• _DATA EXTRACT_

:::

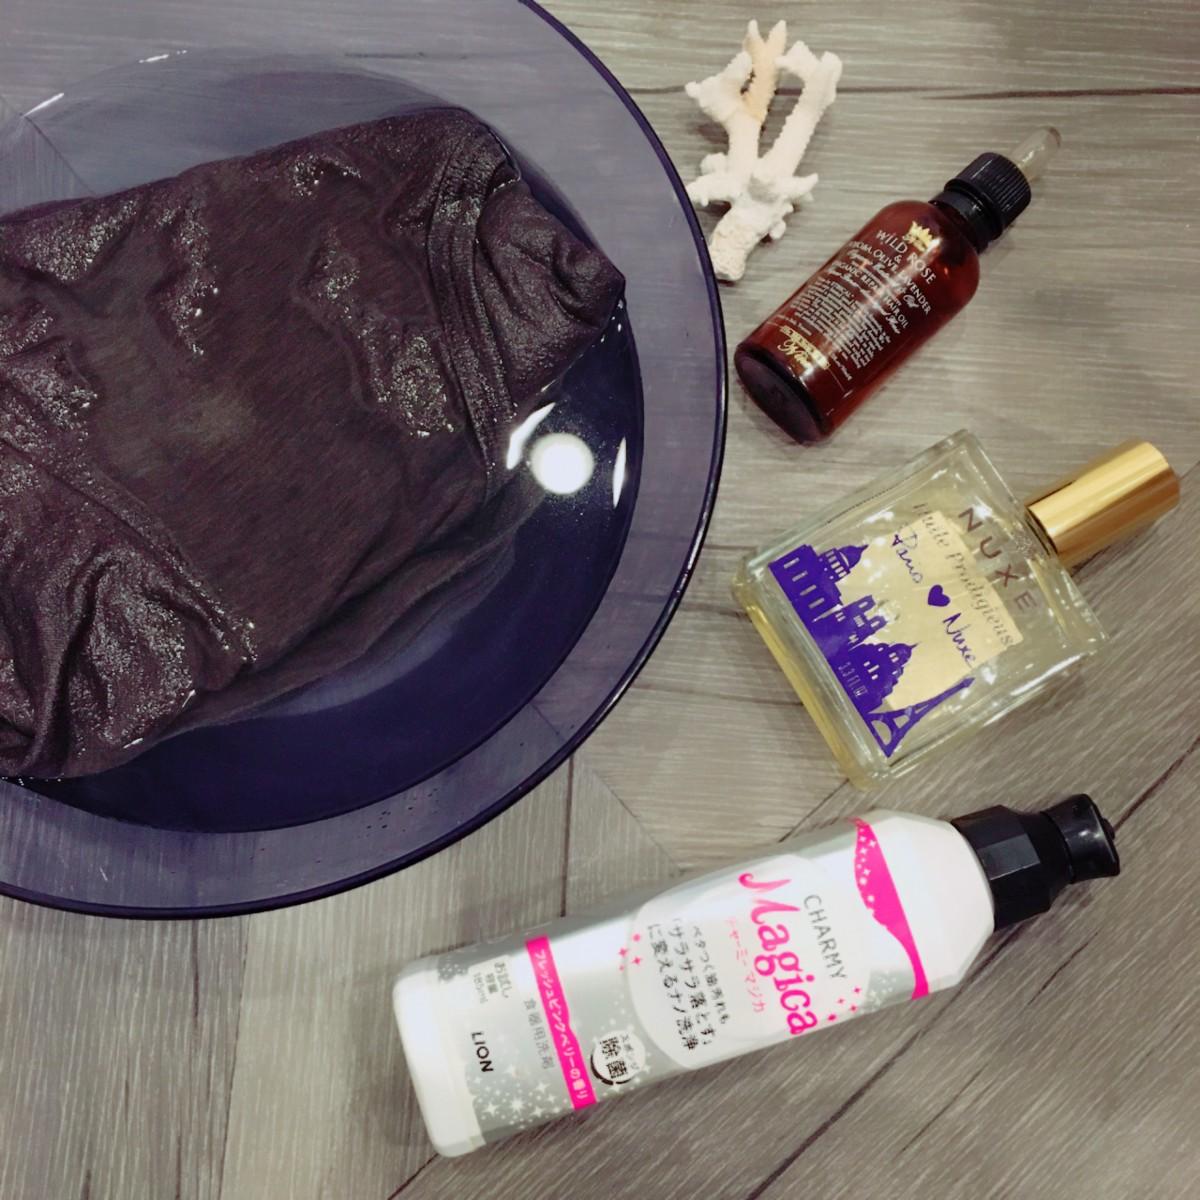 オイル美容の落とし穴!服やシーツについてしまった油の酸化臭を落とす方法
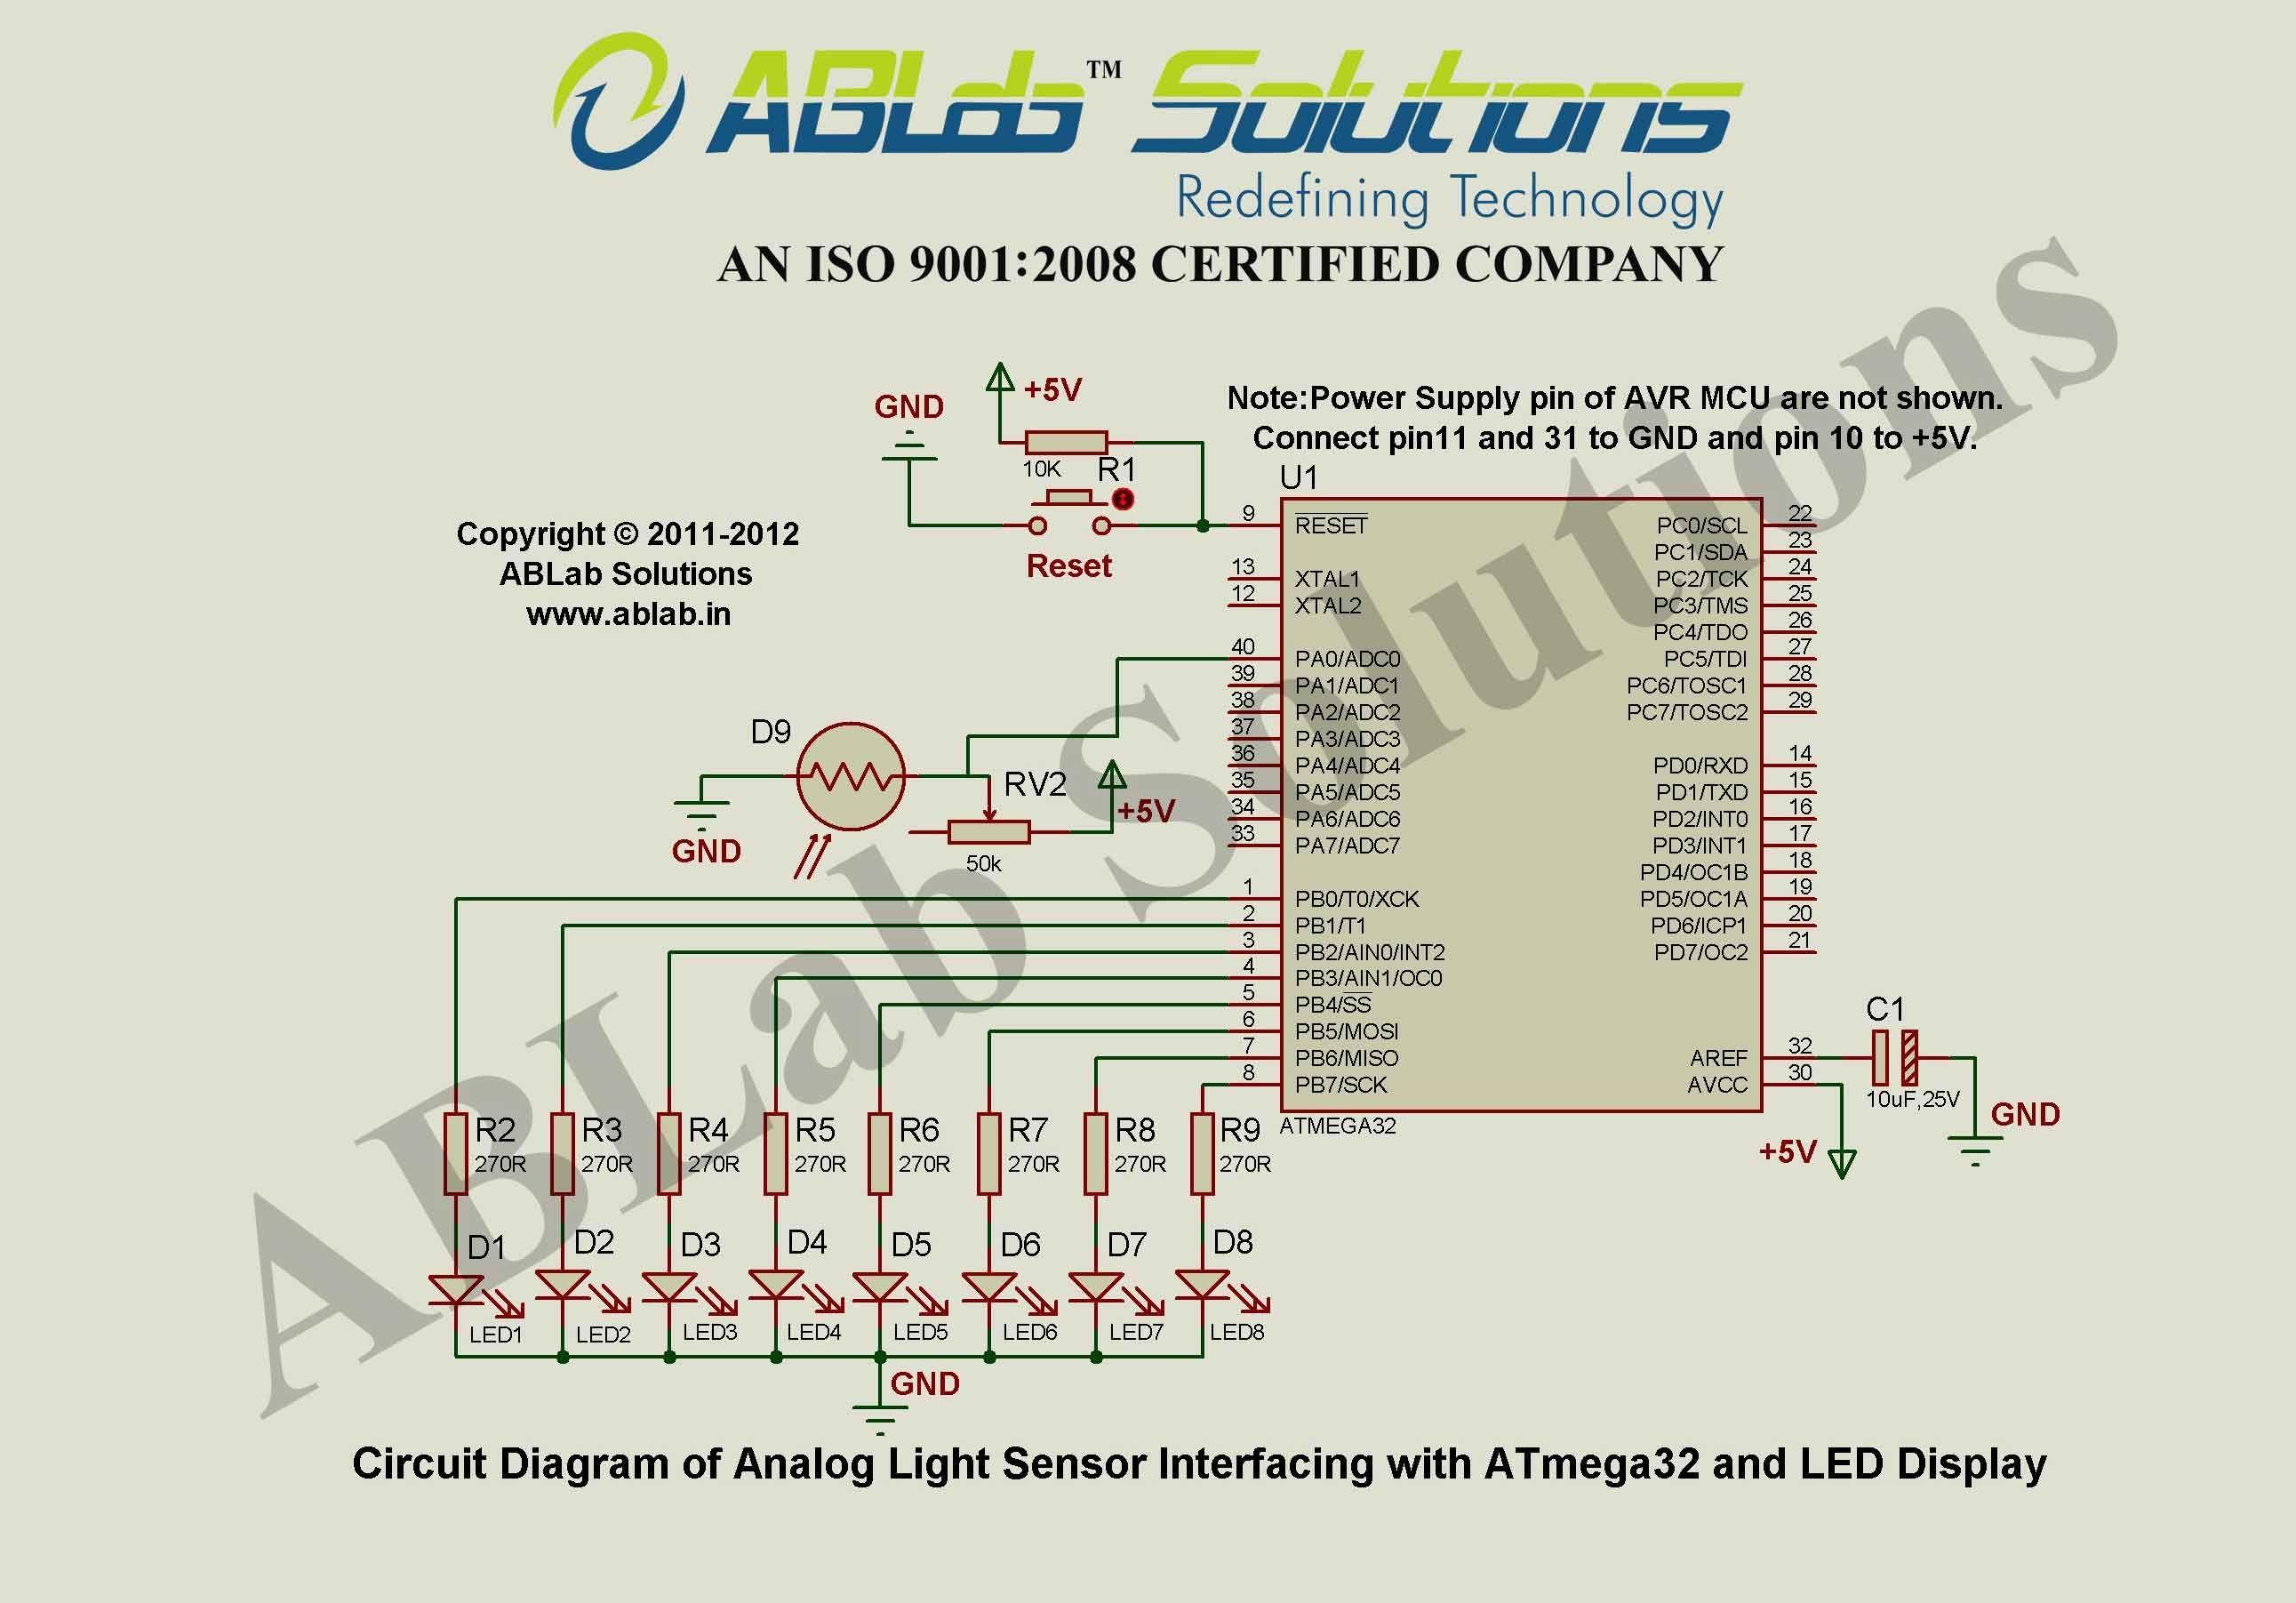 Analog-Light-Sensor-Interfacing-with-AVR ATmega32 Microcontroller ...
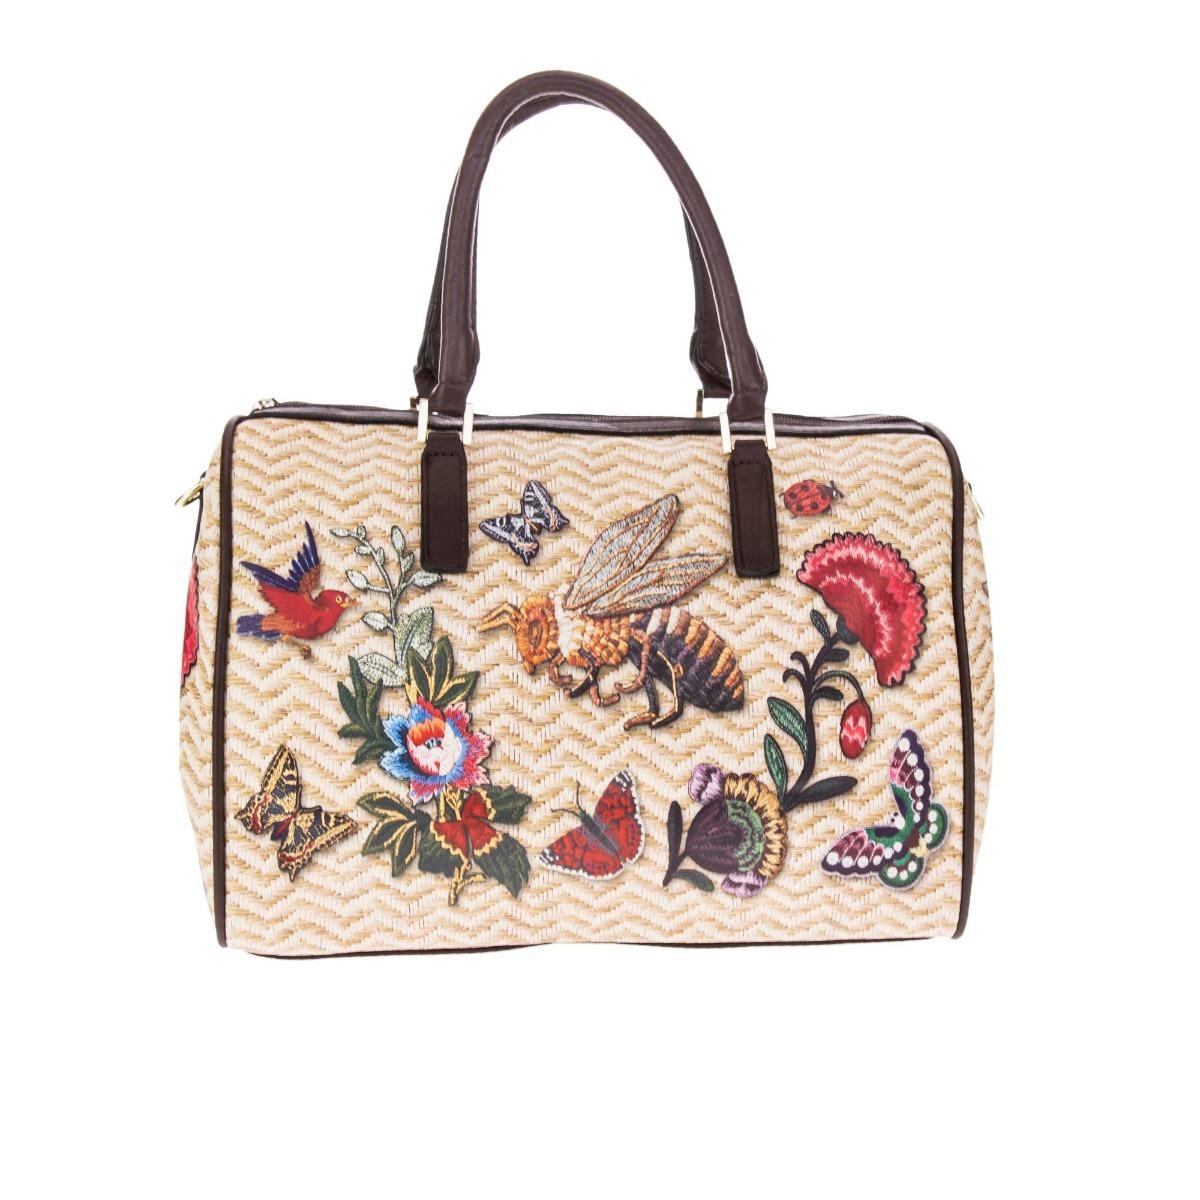 f5a13bafe2397 Bolsa Feminina Estampada - Formato Baú - R  279,80 em Mercado Livre
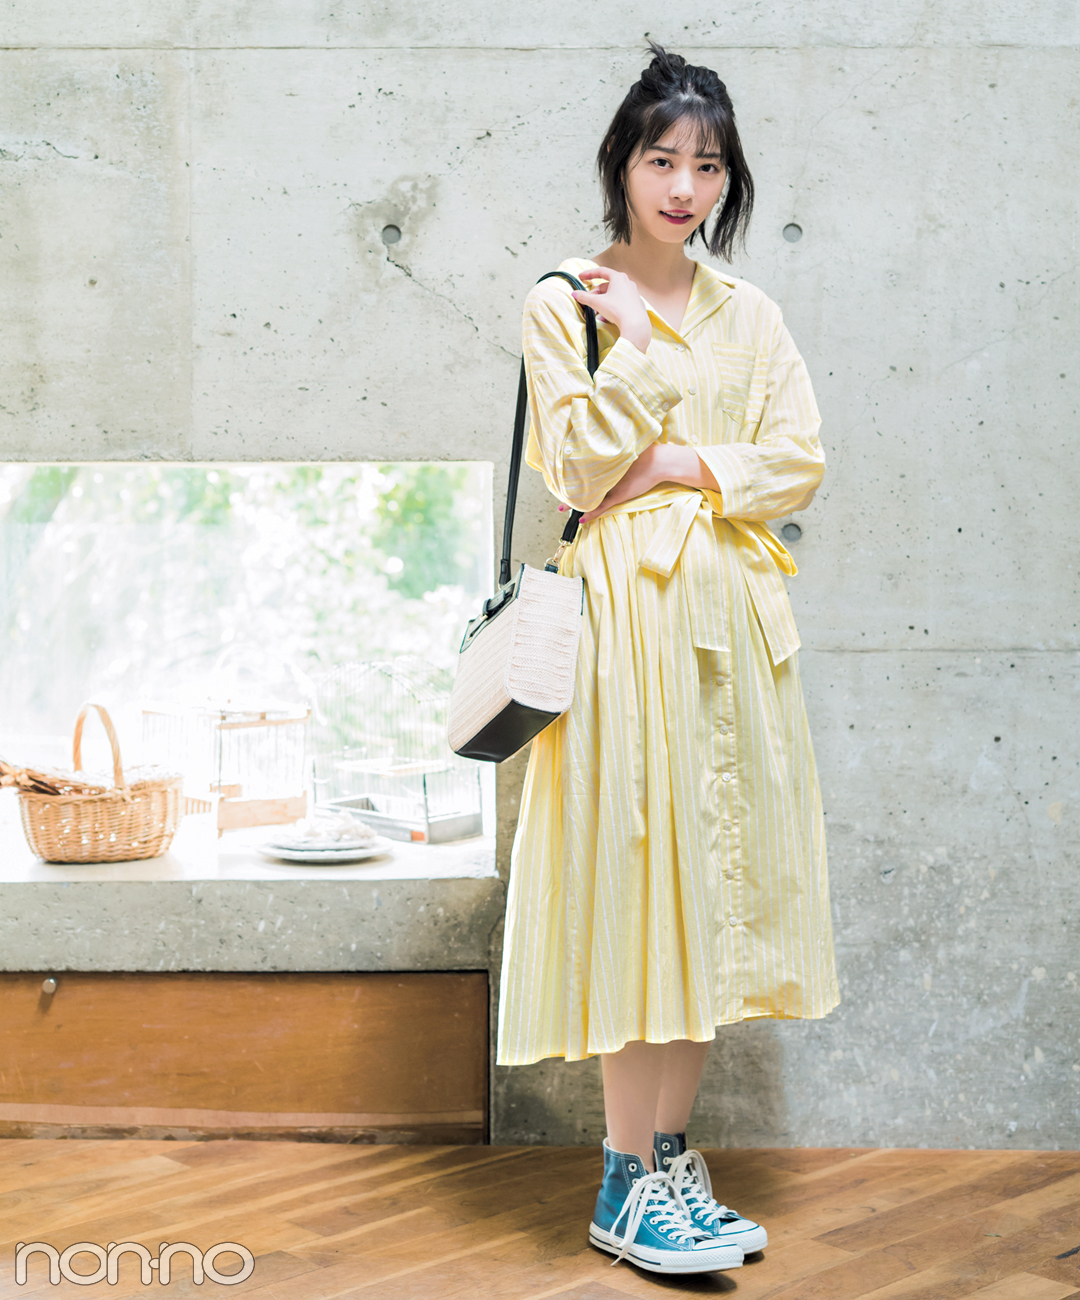 西野七瀬が着る♡ トレンドのストライプ柄ワンピ、春コーデ3選!_1_2-1

:::

• _WHAT YOU NEED TO DO_
An exact copy of all the data above is required; omit any pictures.

• _TASK OUTPUT_
 オイル美容の落とし穴!服やシーツについてしまった油の酸化臭を落とす方法
 Analog-Light-Sensor-Interfacing-with-AVR ATmega32 Microcontroller ...
 f5a13bafe2397 Bolsa Feminina Estampada - Formato Baú - R  279,80 em Mercado Livre
 西野七瀬が着る♡ トレンドのストライプ柄ワンピ、春コーデ3選!_1_2-1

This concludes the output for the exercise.